Perhaps that’s because she feels she was no different than the eighth graders she spoke to Friday at John F. Kennedy Middle School in Plainfield. Brown was a normal teenage girl. She liked to do her hair, she liked nice things, she had her own room. She was just like teenagers today.

Brown was 16 when Nazis invaded her hometown of Miskolc in Hungary. Nazis who were welcomed in by the Hungarian police.

This was in 1944, when Hitler felt Hungary was not doing enough for his “final solution,” Brown said.

But the signs were there before that.

“Genocide does not happen from one minute to the next. It builds gradually,” Brown said.

Hungary had adopted laws from Germany, which hit the residents one by one, Brown said. Only one percent of Jewish children were allowed to attend middle school. Soon Jews received pink slips saying they were no longer allowed to work.

“In no time at all, the order comes that every Jewish person must wear the yellow Star of David on their clothing, even tiny children,” Brown said. “Without it, they were not permitted to go on the streets.”

It’s a symbol Brown still wears today, but as a necklace – a small, gold Star of David.

Soon after, all Jews were ordered from their home into a ghetto. They were allowed to pack provisions for three or four days.

Until this time, the Hungarian police had protected Brown and other Jews as they would any other Hungarian citizen. Now they looked the other way.

They had to turn in their cash, jewelry and radios. The cash went to Hungarian railroad workers who shipped the Jews to Auschwitz.

During this time, they were told one of the great “lies of the 20th century,” according to Brown.

“The families will stay together,” she said. “We obeyed. We didn’t resist with the hopes that the war will be over soon.”

After spending some time in a transition camp, Brown and her family were placed into a crowded boxcar where they would eventually arrive in Auschwitz-Birkenau. They spent three days on the train, where Brown stood so her parents could sit on the floor. They had one bucket to relieve themselves in and another bucket filled with water, which was not filled again during the trip.

“The only thing you can focus on is ‘If I could only have a sip of water,’” Brown said.

When they arrived, they were told to leave their belongings in the boxcar and they’d be able to get them later, but they never saw them again.

That was the last time Brown saw her parents, who were taken to the gas chambers.

Brown and the rest of the prisoners had to have their heads and body hair shaven.

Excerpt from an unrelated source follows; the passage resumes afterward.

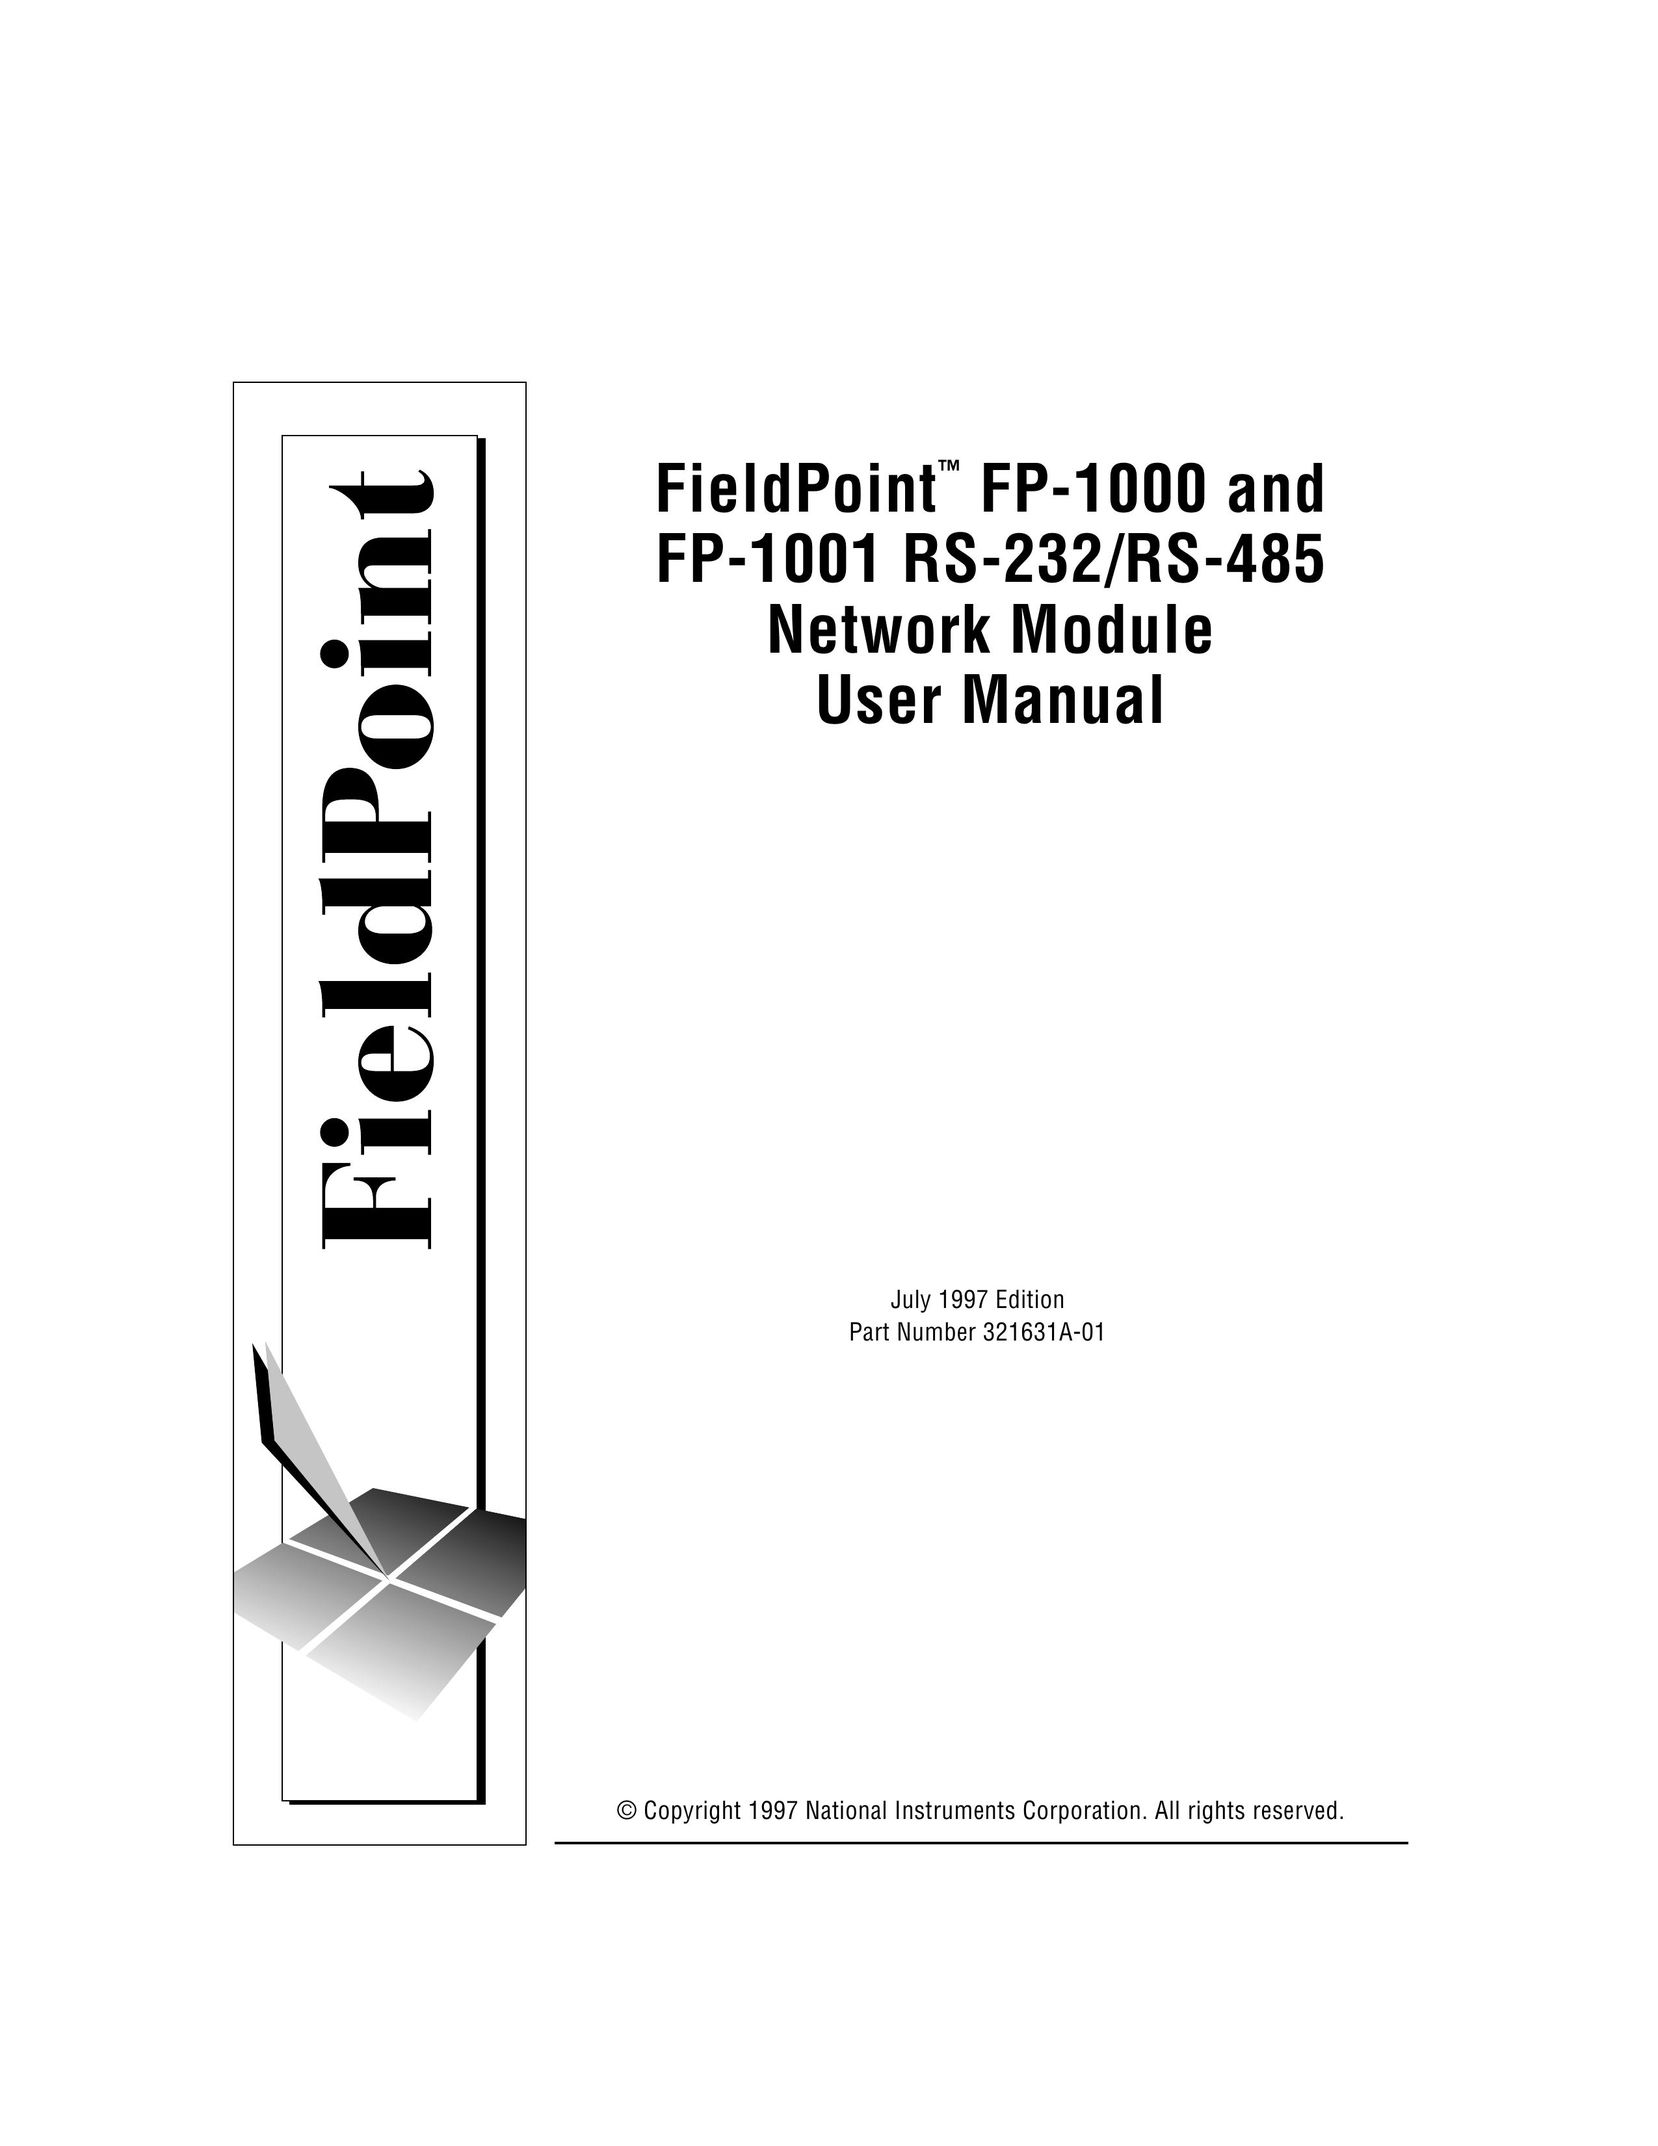 National Instruments FP-1001 Network Card User Manual

Disinfectant was then thrown onto their freshly-shaven skin.

Then there was the shower room with 15 shower heads, but barely a trickle of water.

She was given flip flops with wooden soles, a uniform that in no way fit her and then had to sleep in a unit with 500 other women, ”like sardines,” Brown said.

On average, her daily calorie intake was between 300 to 500 calories.

Brown spent spent two months in Auschwitz before she was sent to a work camp in Allendorf, Germany in August 1944. There she worked in a munitions factory where the poisonous chemicals turned their skin yellow, hair orange and lips deep, dark purple.

When it appeared the war was coming to an end, Brown said they were taken on a death march on an open highway. At night, they slept in ditches. During the day, they just walked.

On the third day, they reached a farm area and noticed there were fewer guards with them than before.

“A group of us were standing around this farmland and in the distance we noticed a barn,” Brown said.

During the night, they crawled on their stomachs toward the barn, not caring if they were killed since then it would at least be over.

“The next day, two beautiful GIs from the sixth armored division, God bless them all, they liberated us.”

When asked how she managed to get through it, she said she survived on faith and fantasy.

With a story like that, Brown would have the understanding of everyone in the world if she wanted to be bitter about her life. But she’s not. She has a mantra that she says every morning. She thanks God for waking up, having food to eat and a place to sleep. Everything else is just a bonus for her.